Défenseur du musée Soulages

Bien qu’installé à Paris, Dominique Reynié ne se désintéresse pas de l’Aveyron, où il revient plusieurs fois par an. C’est même pour lui un "devoir moral" de porter attention à « son » département. Et prêche pour son développement et son ouverture. Il s’est ainsi toujours posé en défenseur du musée Soulages. "C’est un des plus grands peintres mondiaux et il est aveyronnais. Statistiquement, cela ne se reproduira plus", faisait-il remarquer aux plus sceptiques lors de sa construction.
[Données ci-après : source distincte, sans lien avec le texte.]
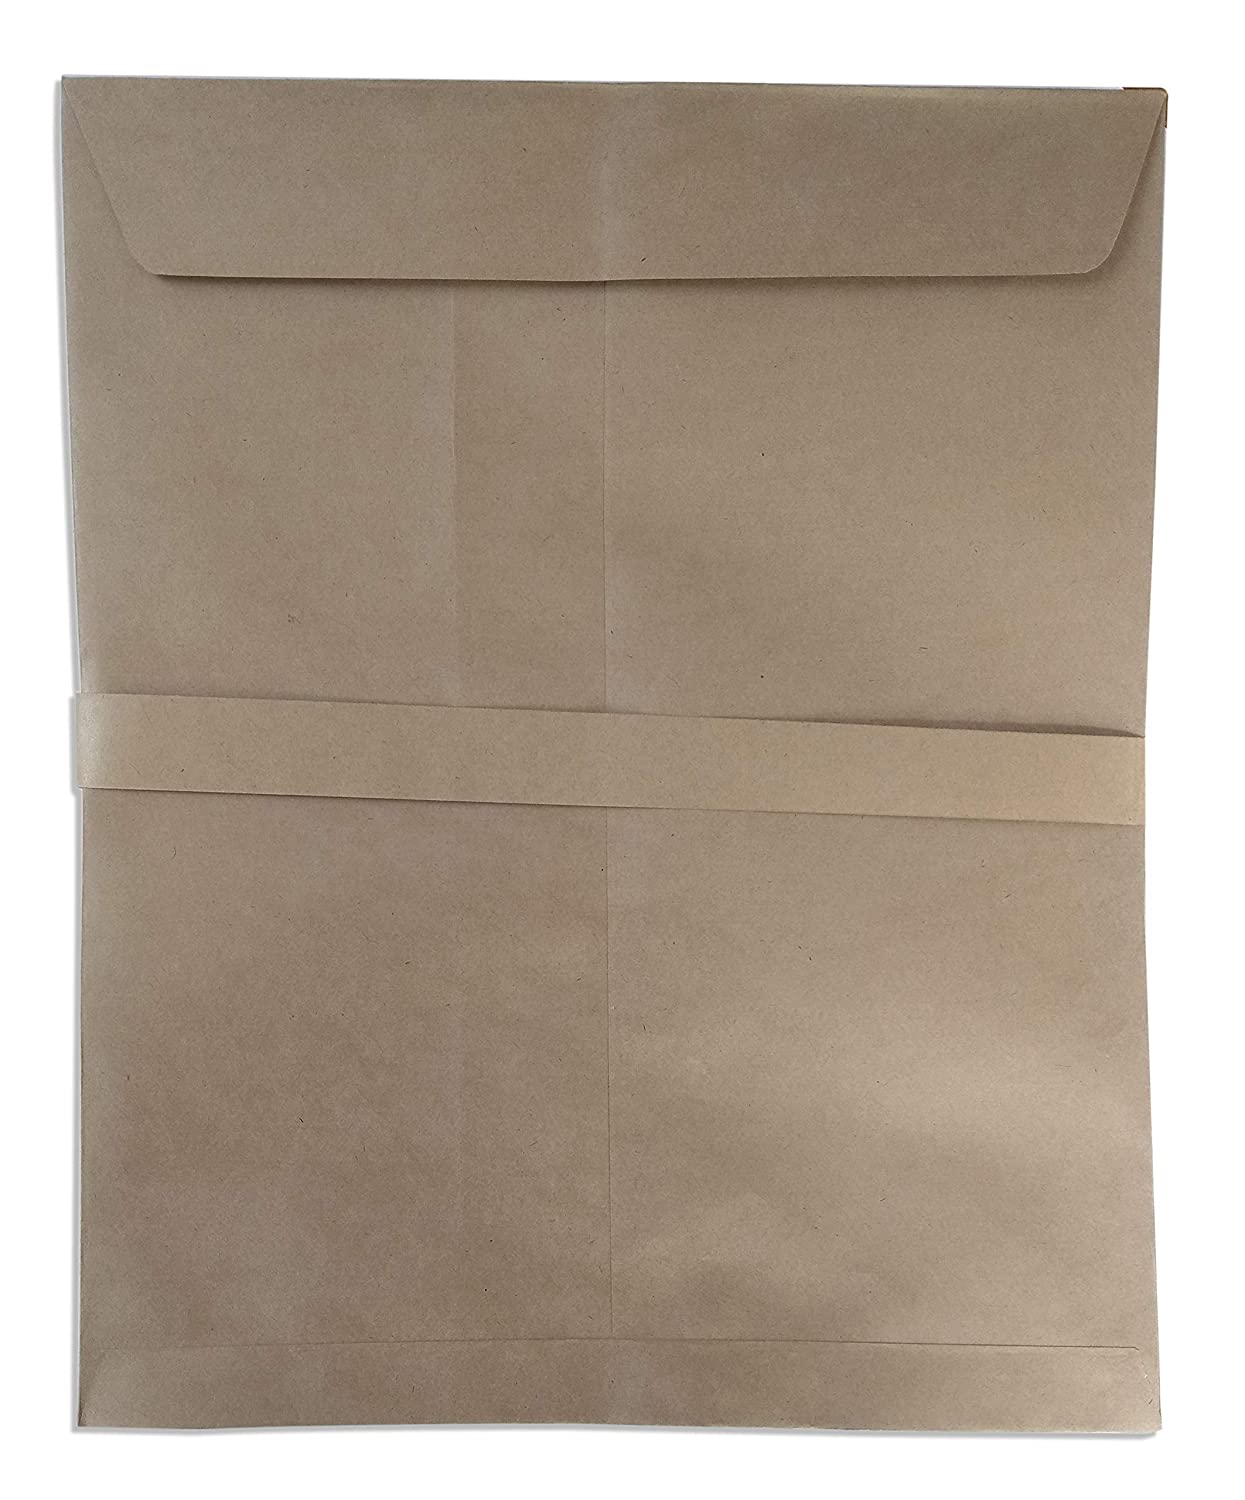 Pack Of 100 Hard Kraft Paper Envelope A4 Size 10x12 Hard Paper Envelope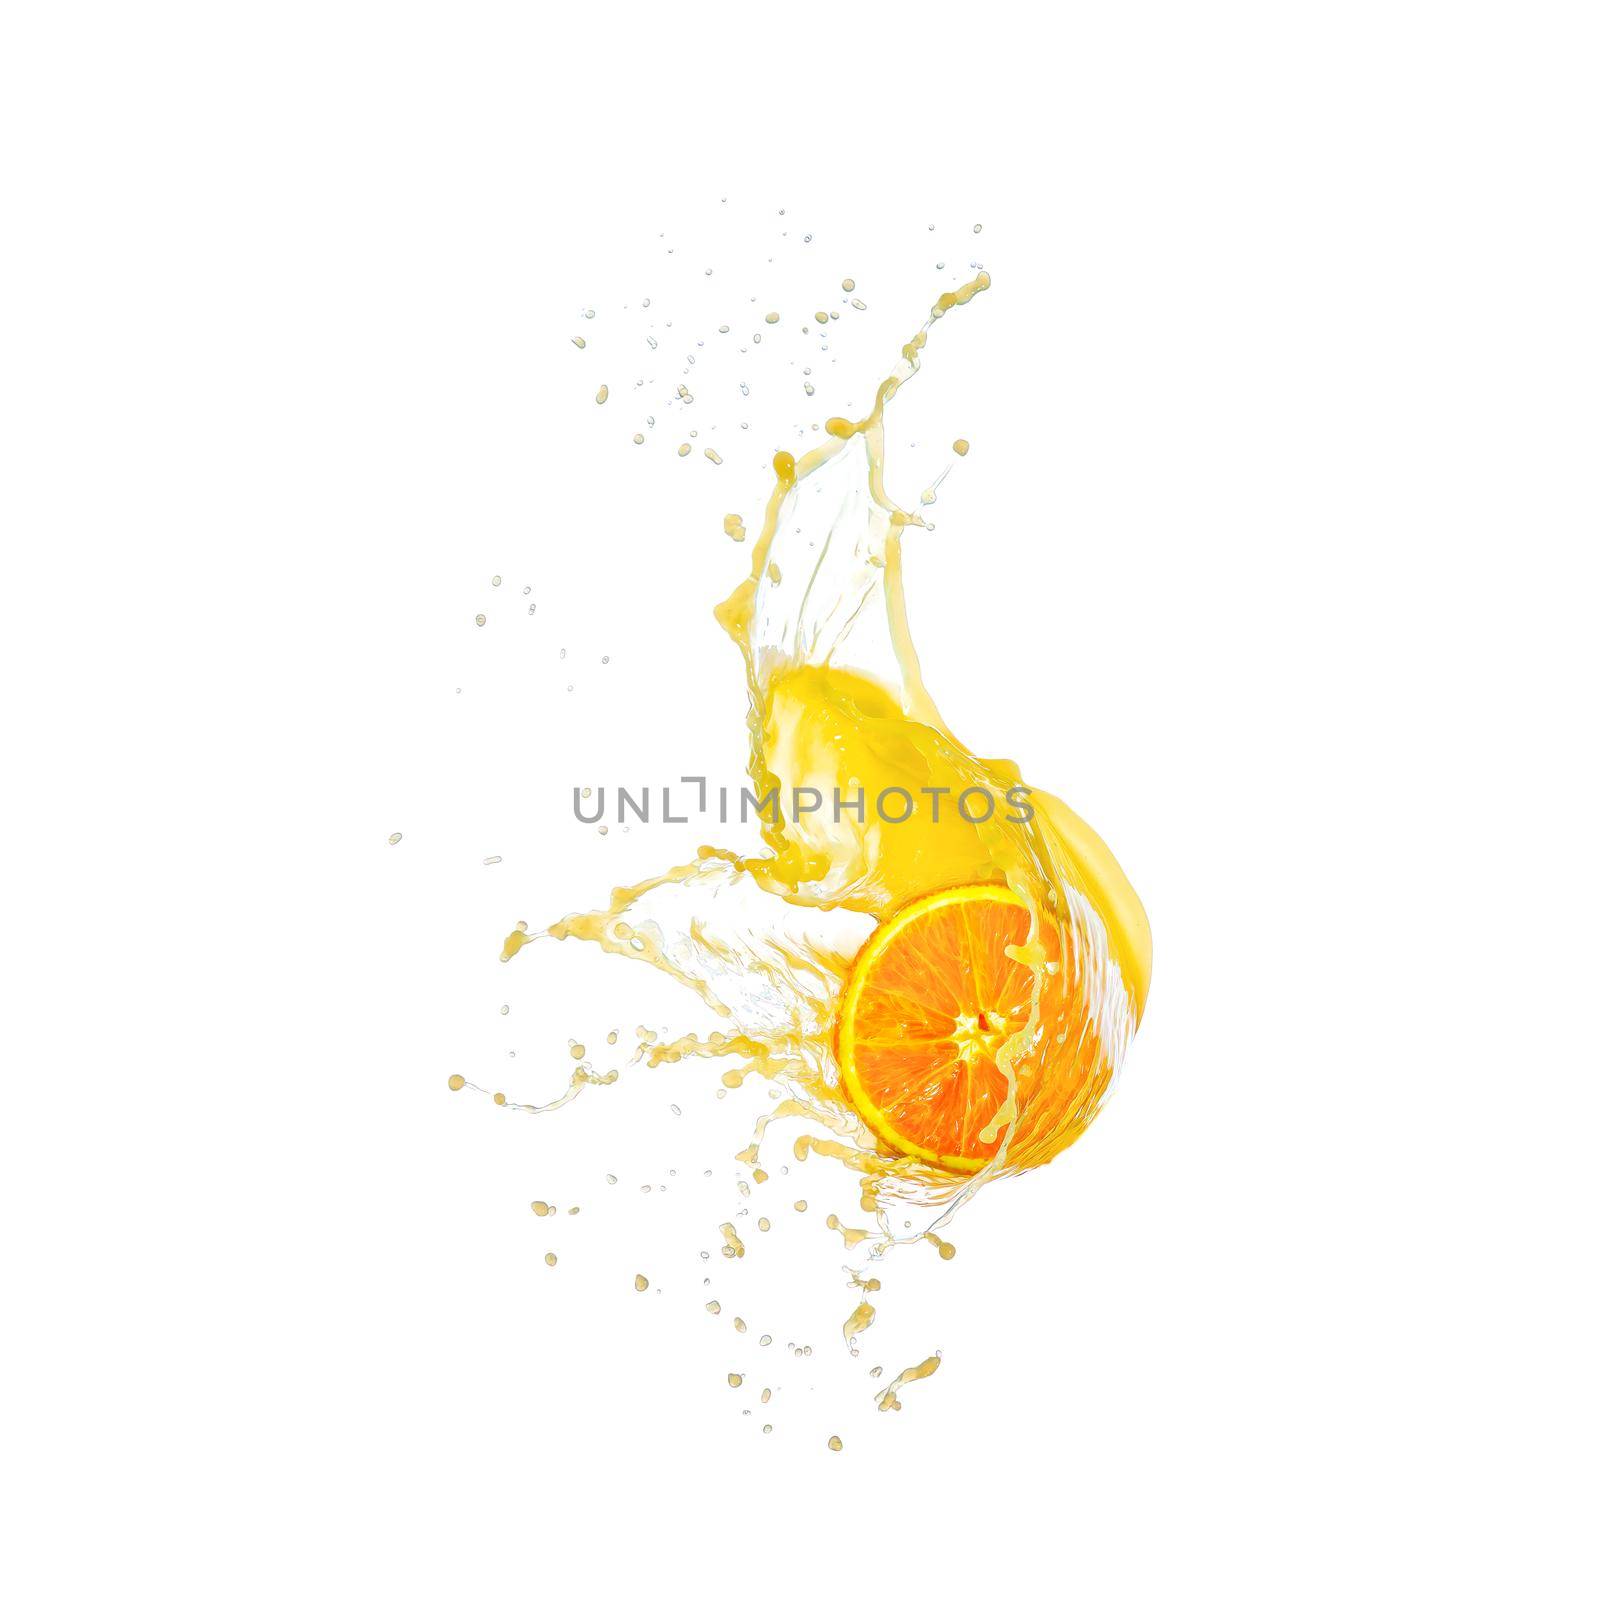 Sliced orange fruit splashing around orange juice white background. fresh juice concept

À l’image du viaduc de Millau, il prédisait même que le musée ferait taire ses détracteurs une fois construit.

"Vous aurez à Rodez des Américains, des Chinois, des Russes... et évidemment ils ne viendront pas pour rester seulement une heure", argumentait alors Dominique Reynié. "Ils vont forcément voir que c’est une région magnifique". Il n’en oublie pas pour autant la nécessité pour le département d’attirer les entreprises et d’être encore mieux désenclavé. Mais il ne doute pas de son potentiel : "L’Aveyron, c’est une sorte de Japon : une terre de traditions et d’innovation. Quand on est sur des terres difficiles, il faut toujours inventer".